Андрей снова вспомнил лицо казачьего десятника, затем рыжего казака — первую встречу с ним в ночном зимнем лесу и его голову, срубленную Мастером. До сих пор происходящее было похоже на сон — честно сказать, степняки не воспринимались им настоящими людьми — так, странные тени из странного сна. Даже эта девочка, Ханаа. Наверное, дело было в языке — трудно считать своим того, чью речь не понимаешь. Но уже рыжая староверка была реальной — абсолютно такой же, как сам Андрей, Таня или московские парни, с которыми он брал депутата. А теперь десятник. У степняков не было права судить о том, что и как делает Андрей. А вот у этих людей такое право было — так ему казалось.
Лодка неожиданно качнулась — это Мастер, выбравшись из-под навеса, осторожно прошел на место Чена, отправив того в балаганчик. Смех и повизгиванье Рыжей показали, что тот с ходу принялся за дело. Мастер, накинув на себя мешок, взялся за пару весел:
— Надо размяться. Как твоя рука?
— Спасибо, Ши-фу, нормально. Я тут подумал…
— О чем?
— Вы сказали, что я буду учиться. Но разве так учатся?
— А что? Тебе не нравится способ?
— Скорее отсутствие цели.
Мастер греб ровно и сильно, заметно увеличив ход тяжелой лодки. Андрей, наоборот, работал веслами без всякого усердия.
— Поясни, — попросил господин Ли Ван Вэй.
— Ну как же. Сначала вы говорили об обучении воина, о стихиях. Потом пошла политика, история. Зачем все это?

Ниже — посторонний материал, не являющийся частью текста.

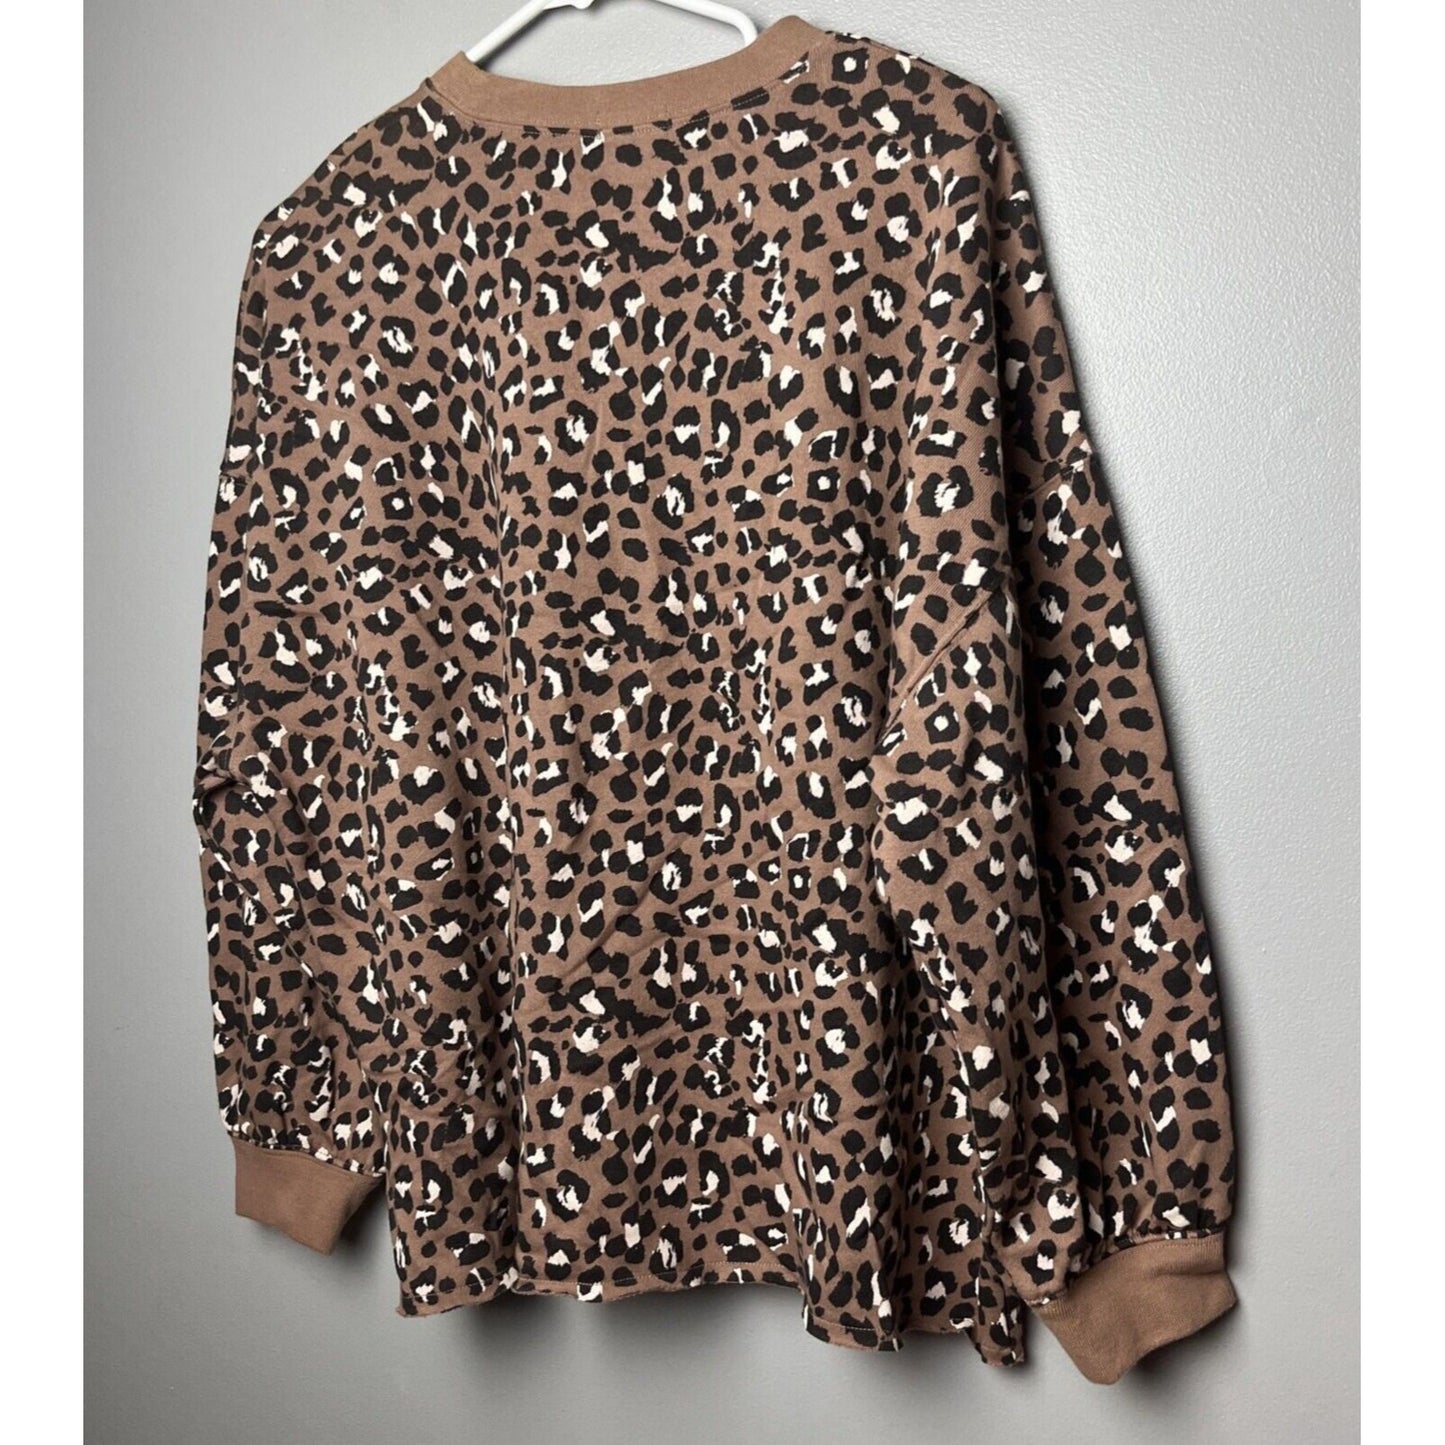 RAILS Sweatshirt Womens Small Reeves Mountain Leopard Crew Neck Pullover NWT

— Скажи, как ты зовешь меня?
— «Ши-фу».
— И что это значит?
— По-китайски «учитель».
— Вот именно, по-китайски! Но ты ни разу не спросил меня, в чем суть обучения в китайской школе, у китайского учителя.
— И в чем суть?
— Ты меня разочаровываешь, Андрей.
Андрей промолчал. Он был обижен. И немудрено: всю жизнь, всю свою личность нацелил на Учение, на ушу, на этого китайца, наконец. И что теперь? Обиду, к тому же, усугубляло предпочтение, отданное Чену. Тот лишних вопросов не задавал, сидел себе в балаганчике, Глашку рыжую щупал — и на тебе, «мой лучший ученик»!
— Так в чем суть китайской школы? — деланно спокойно спросил Андрей, стараясь по-китайски «держать лицо».
— По-китайски школа называется «мэнь»— «ворота». Скажем, моя школа в Сучжоу носит название «Лянмэнь»— «Балочные ворота». Любые ворота должны куда-то открываться, ты согласен?
— Согласен.
— Хорошо. Так вот, все китайские «ворота», все школы — «мэнь» открываются на одно и то же — единство общего Пути. Понятно? Ты можешь начать с чего угодно: с каллиграфии, с боевого искусства, медицины, истории — иными словами, можно войти через любые ворота. Но в результате обучения ты должен выйти на понимание — нет, на ощущение — живой жизни в общем Пути вещей, или Дао.
— Как это делается?
— Сначала нужно просто принять на веру то, что говорит твой учитель, каким бы странным это не казалось. Затем надо самому убедиться в истинности сказанного, проверить на себе.
— Перенос личности во времени? Четыре стихии?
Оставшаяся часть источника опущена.